We will soon have a new member of the household.  We'd like to confine the cat to half the house but allow people to roam freely.  A doggy gate won't work since cats can jump over one.  We have a long, standard width hallway where we can put in some temporary "doorway" (the cat will be here less than a year).  I looked at according doors but they are not very pleasing to the eye.  A permanent door is out as I want to limit damage to the hallway.  Any ideas?


----------



## Square Eye (Apr 12, 2008)

A permanent door is about the only way to go. 
Maybe a bi-fold door would work? 
A bi-fold door mounts using a minimum amount of framing and brackets. A track at the top and a bracket at the bottom.
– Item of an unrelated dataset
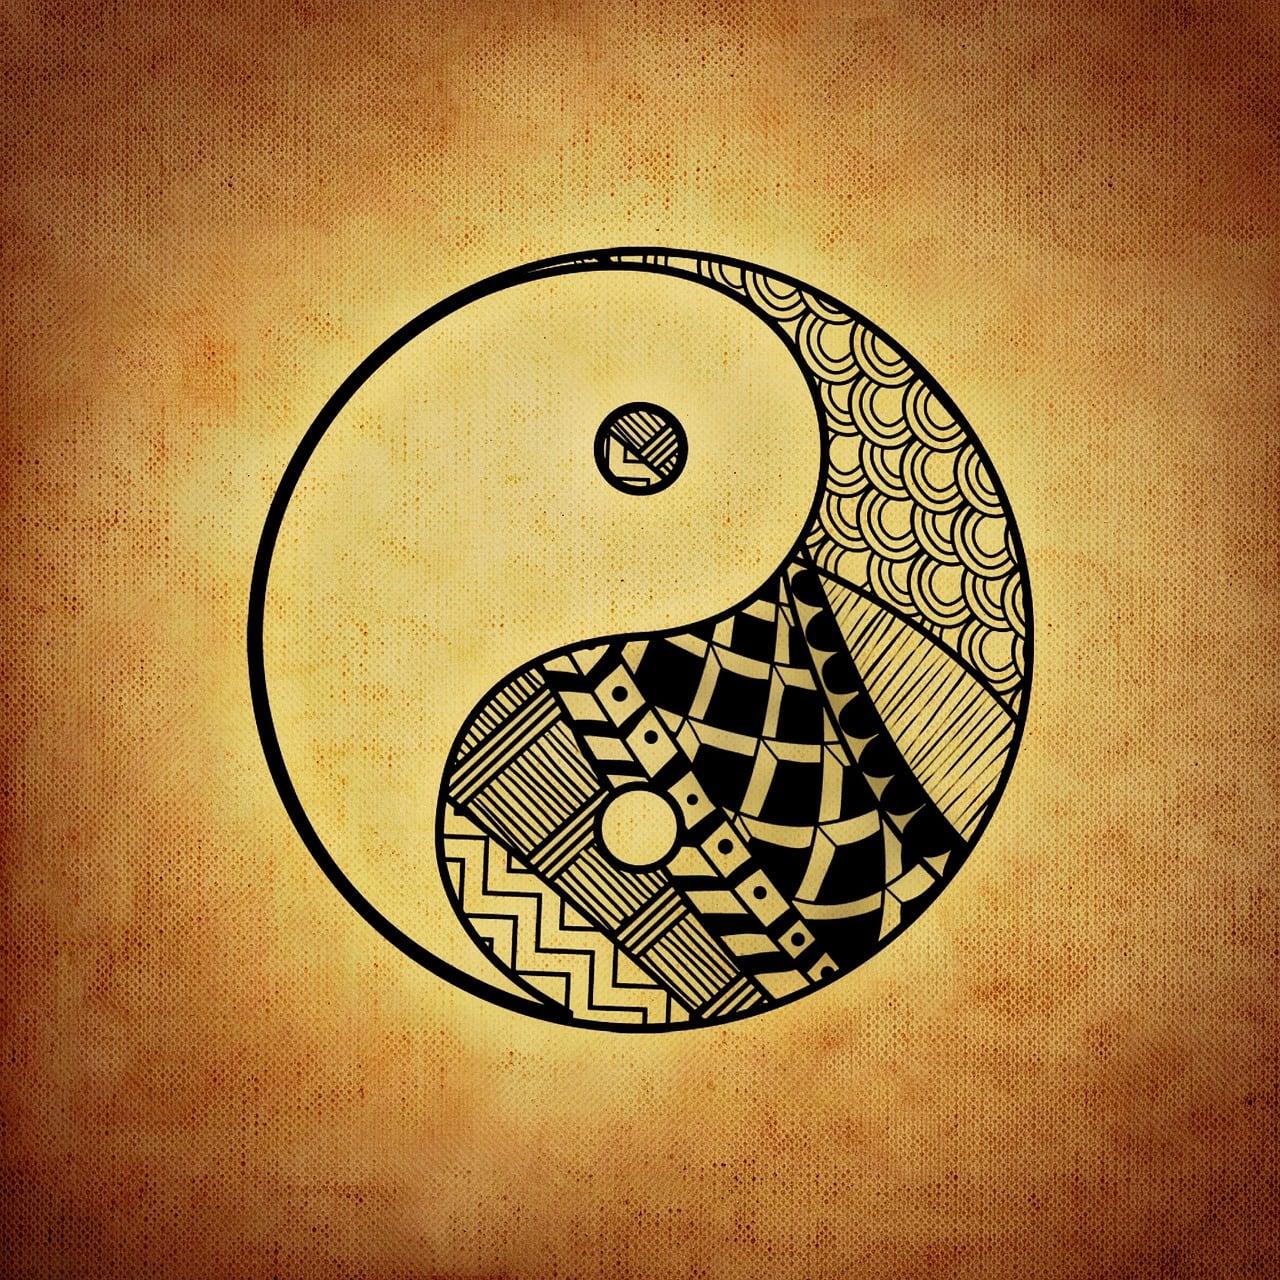 Yin Yang – Harmonija energij in teorija polarnosti 1

The trick is, to find a door that matches the width of the opening. 
If you end up having to frame in the opening, you'd be just as well off using a standard door.


----------



## guyod (Apr 12, 2008)

i never thought the day would come that i would say this but an accordion style plastic door would work perfect if you could find one wide enough and your cat was not strong enough to push through the magnetic latch. they are only $40 and attach with just a couple small screws. you might need to add a temp header so that you have something to attach the track to.


----------



## inspectorD (Apr 12, 2008)

Cruel...electric collars.

Or you just put in a door and install it over the existing sheetrock. Then it's not to much to remove and patch the small screw holes and paint when you remove it.
Just a little insurance because that way you know the cat will not get through, otherwise by using a Rube Goldberg contraption you may have a new emergency.


Good luck


----------



## glennjanie (Apr 12, 2008)

Welcome Betsy Mercado:
One more suggestion is a screen door. You still get the open feeling, air flow and the security for the cat.
Glenn


----------



## shan2themax (Apr 13, 2008)

Being a cat person myself and owning many... I can tell you that if the cat wants to the other side of the house... He/she will get there... the only thing you are going to be able to do is to put a real door there or put the cat outside.... I have an accordian type door at my laundry room, that is where the litter box is.... they can get the door open, the kids forget and close it and the cats are in there in seconds...


----------



## TileGuy (Apr 14, 2008)

shan2themax said:


> Being a cat person myself and owning many... I can tell you that if the cat wants to the other side of the house... He/she will get there... the only thing you are going to be able to do is to put a real door there or put the cat outside.... I have an accordian type door at my laundry room, that is where the litter box is.... they can get the door open, the kids forget and close it and the cats are in there in seconds...



Agree 100% with this.


You could always get a leash that stops just short of where you want it to!   lol  just playing   j/k


----------



## shan2themax (Apr 29, 2008)

TileGuy said:


> Agree 100% with this.
> 
> 
> You could always get a leash that stops just short of where you want it to!   lol  just playing   j/k



I actually had to call the fire dept when I was twelve because my mom had a cat on a leash and he went up a tree with the leash attatched..... (I was humiliated ... wrapped in a blanket in 90 degree weather so noone could see me)  as if that wasnt obvious...lol


----------